登録:2021-05-03 06:01 修正:2021-05-03 09:23
バイデン政権、北朝鮮政策の概要を公開 
オバマ政権の「戦略的忍耐」とトランプ政権の「ビッグディール」間の第三の道模索
米国のジョー・バイデン大統領が先月14日(現地時間)、ホワイトハウスで記者会見を行っている=ワシントン/AP・聯合ニュース

 米国のジョー・バイデン政権が発足100日を迎え、北朝鮮政策の概要を公開した。朝鮮半島の完全な非核化を目標に、バラク・オバマ時代の「戦略的忍耐」でも、ドナルド・トランプ時代の「全部かゼロか」でもない、実用的アプローチを取るという内容だ。北朝鮮はこれに合わせて、米政府を非難する論評を相次いで発表した。朝米が動き始めた。
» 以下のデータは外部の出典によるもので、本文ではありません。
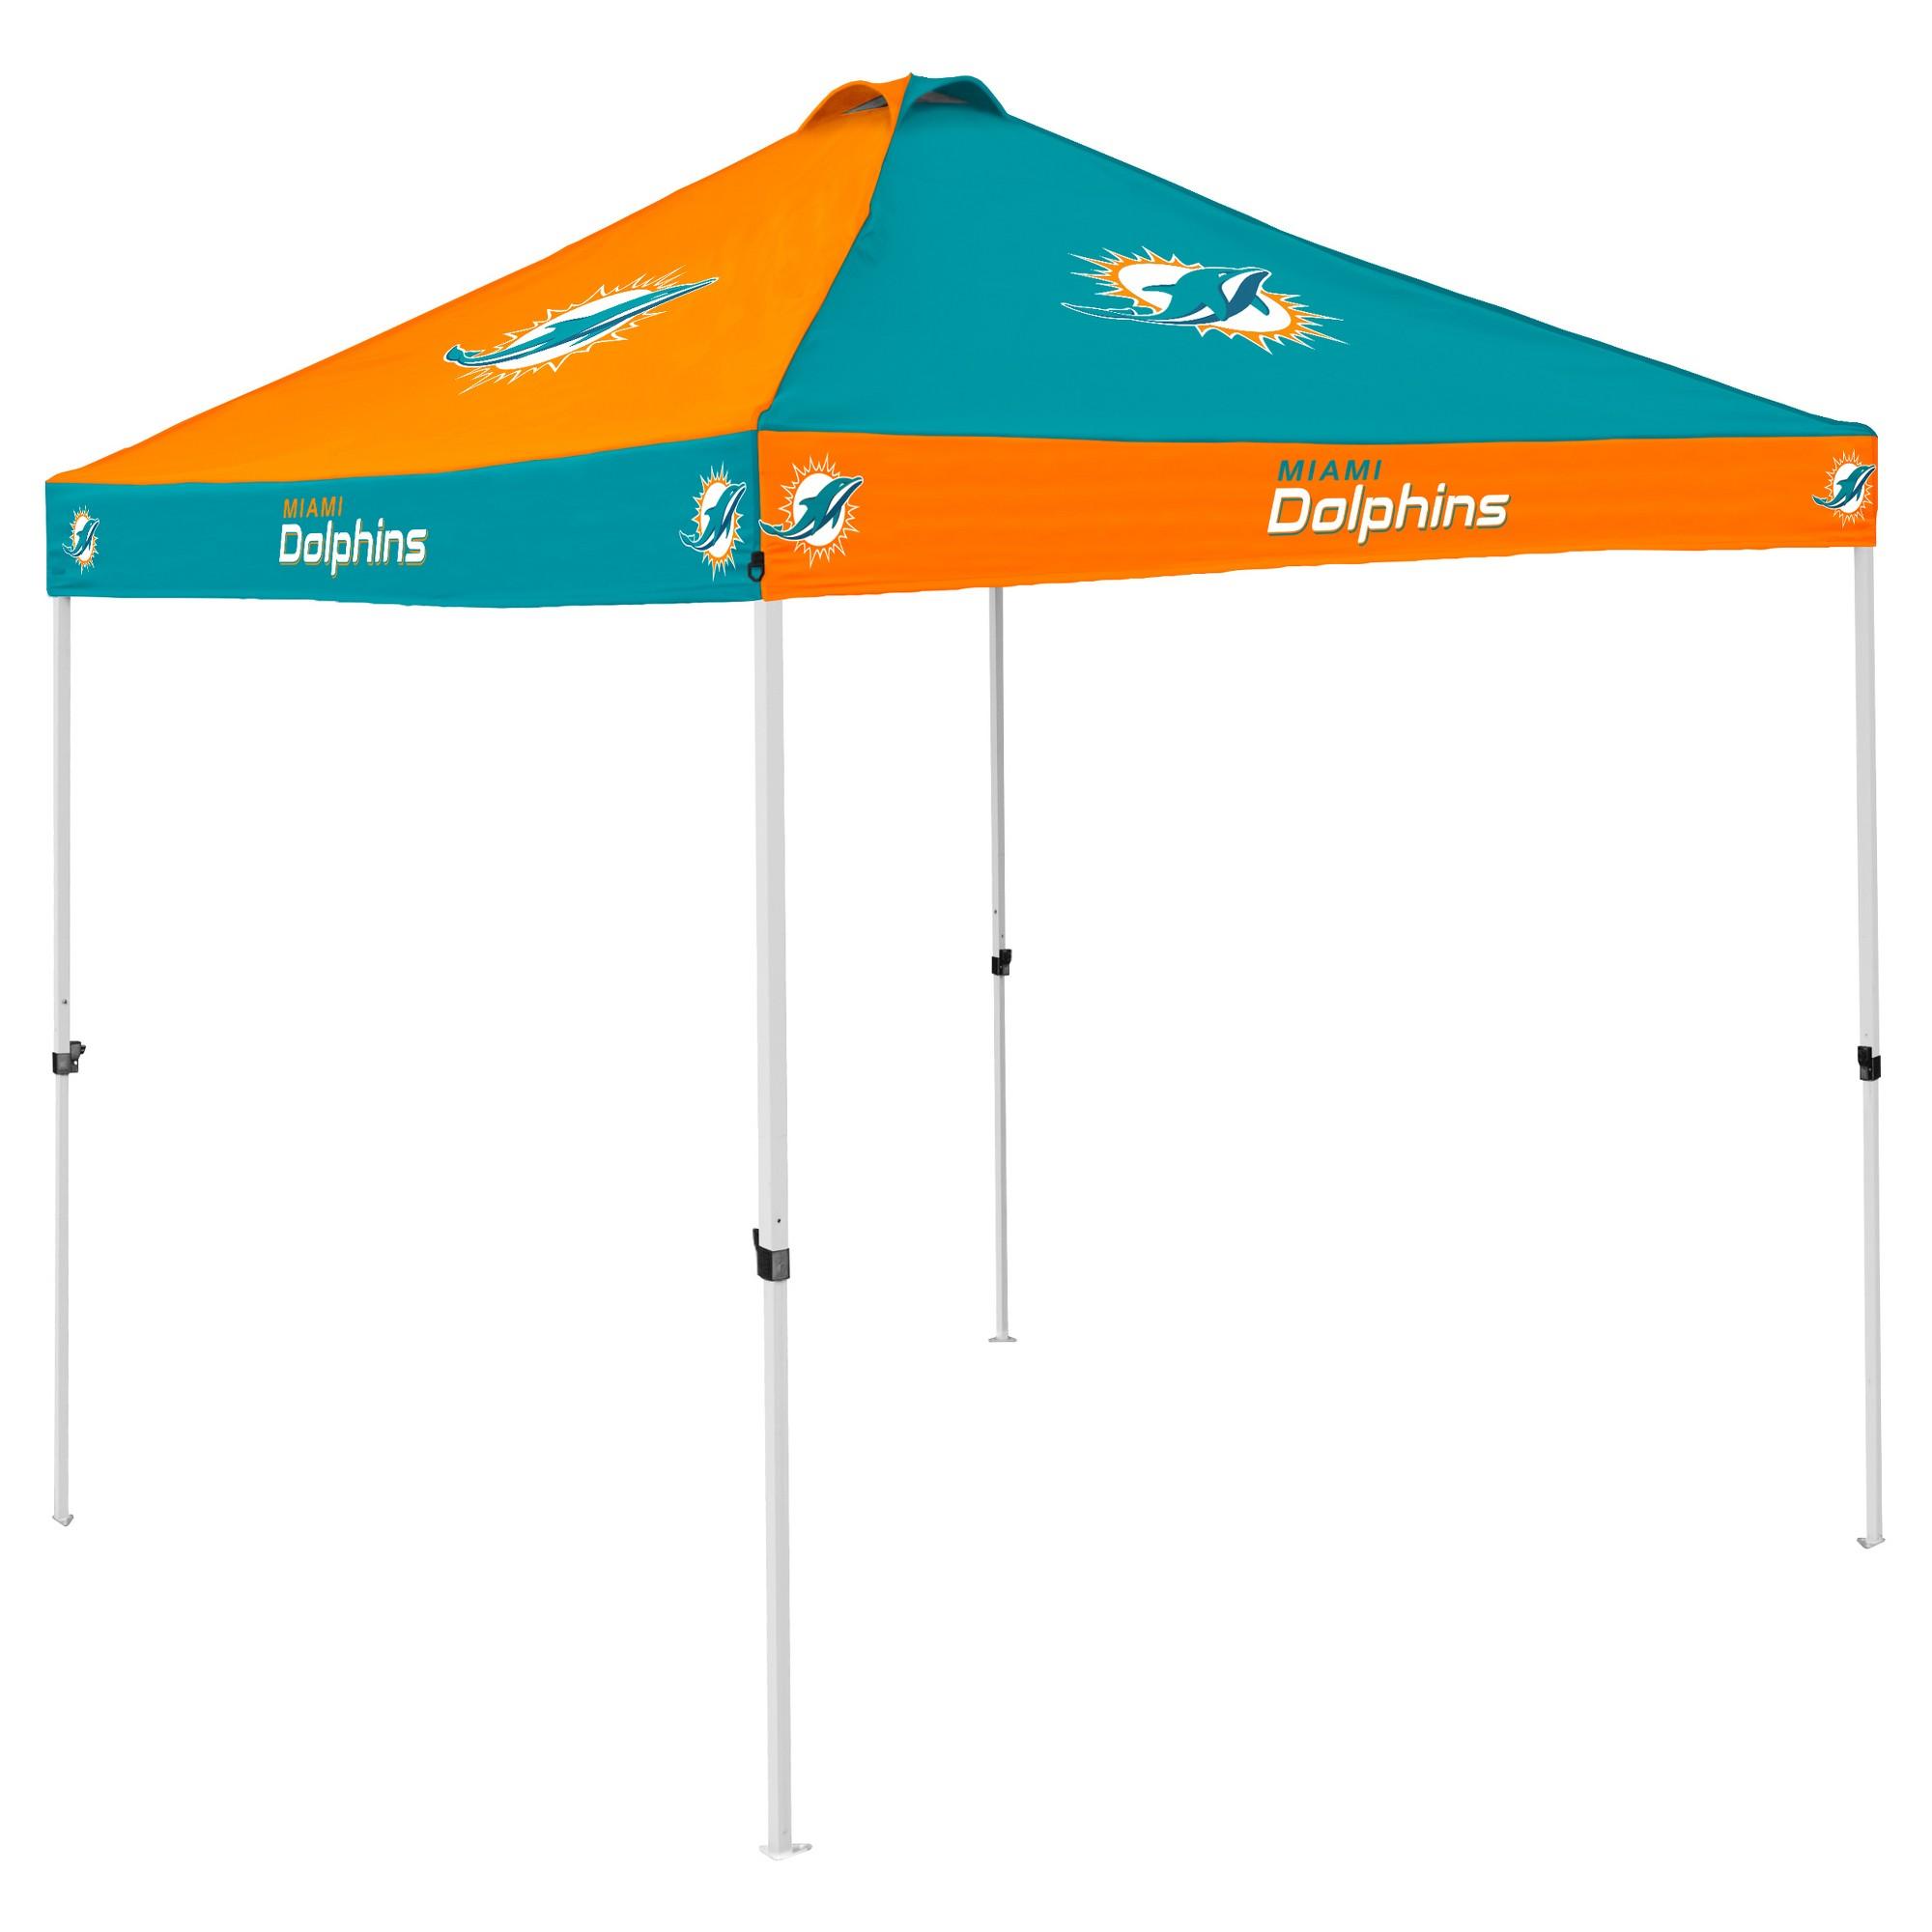 NFL Miami Dolphins 9x9u0027 Checkerboard Canopy Tent  sc 1 st  Pinterest & NFL Miami Dolphins 9x9u0027 Checkerboard Canopy Tent | Nfl miami ...

 ホワイトハウスのジェン・サキ報道官は30日(現地時間)、記者団に対し、北朝鮮政策の見直しが完了したとして「米国の目標は依然として朝鮮半島の完全な非核化だ」と述べた。「過去4政権の努力にもかかわらず、この目標を達成できなかったという点を明確に認識している」としたうえで、「我々の政策は一括妥結(グランドバーゲン)の達成に焦点を置かず、戦略的忍耐に依存することもない」と強調した。また、「我々の政策は北朝鮮との外交に開かれており、外交を模索する調整された実用的なアプローチを求めている」と述べた。彼女は「我々は韓国や日本、そして他の同盟、友好国と各段階で協議を重ねており、今後もそれを続ける」と加えた。バイデン大統領は先週、アントニー・ブリンケン国務長官やロイド・オースティン国防長官、ジェイク・サリバン大統領補佐官(国家安全保障担当)、マーク・ミリ合同参謀議長から北朝鮮政策の見直しの結果について報告を受けたと、ワシントン・ポストが報道した。ワシントンのある消息筋の話として、バイデン政権が近日中に北朝鮮政策を具体的に公開すると報じた。
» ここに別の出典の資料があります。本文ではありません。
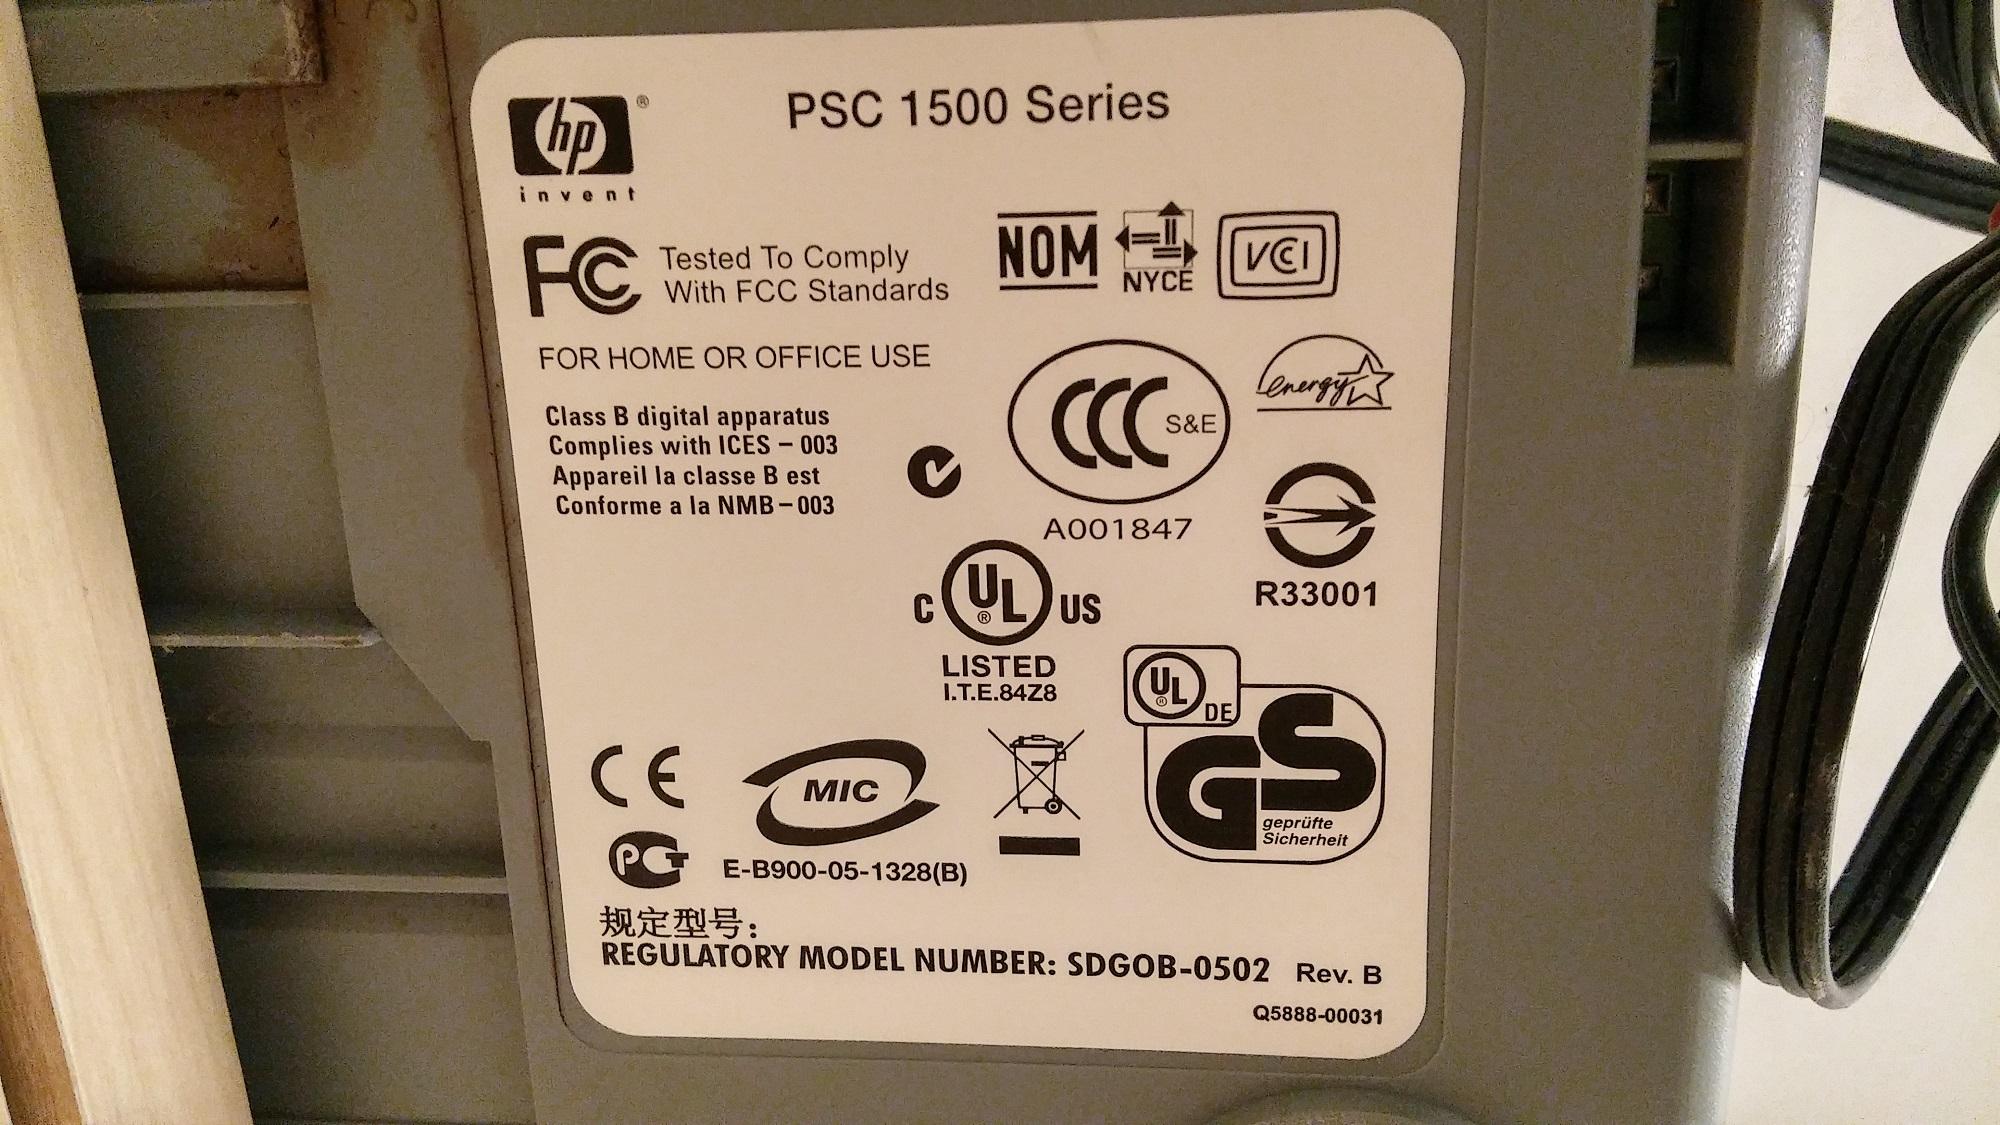 Hp deskjet 1510 all-in-one printer series | hp® customer support.

 サキ報道官が明らかにした北朝鮮政策の特徴は、トランプでもオバマでもなく“バイデンの北朝鮮政策”で差別化を図った点にある。北朝鮮を事実上放置し、核開発を加速化させたと批判されたオバマ大統領の「戦略的忍耐」や、北朝鮮の完全な非核化とすべての制裁解除を交換しようとしたトランプ大統領の「ビッグディール」方式を捨て、第三のアプローチを目指すということだ。ワシントン・ポストの報道によると、米政府のある高官は「トランプ政権は『オール対オール』を、オバマ政権は『ゼロ対ゼロ』を求めた一方、バイデン政権の北朝鮮政策はその中間」だと述べたという。彼は「米国に対する脅威の除去を目指した、北朝鮮に対する実用的かつ調整された外交アプローチ」だと説明した。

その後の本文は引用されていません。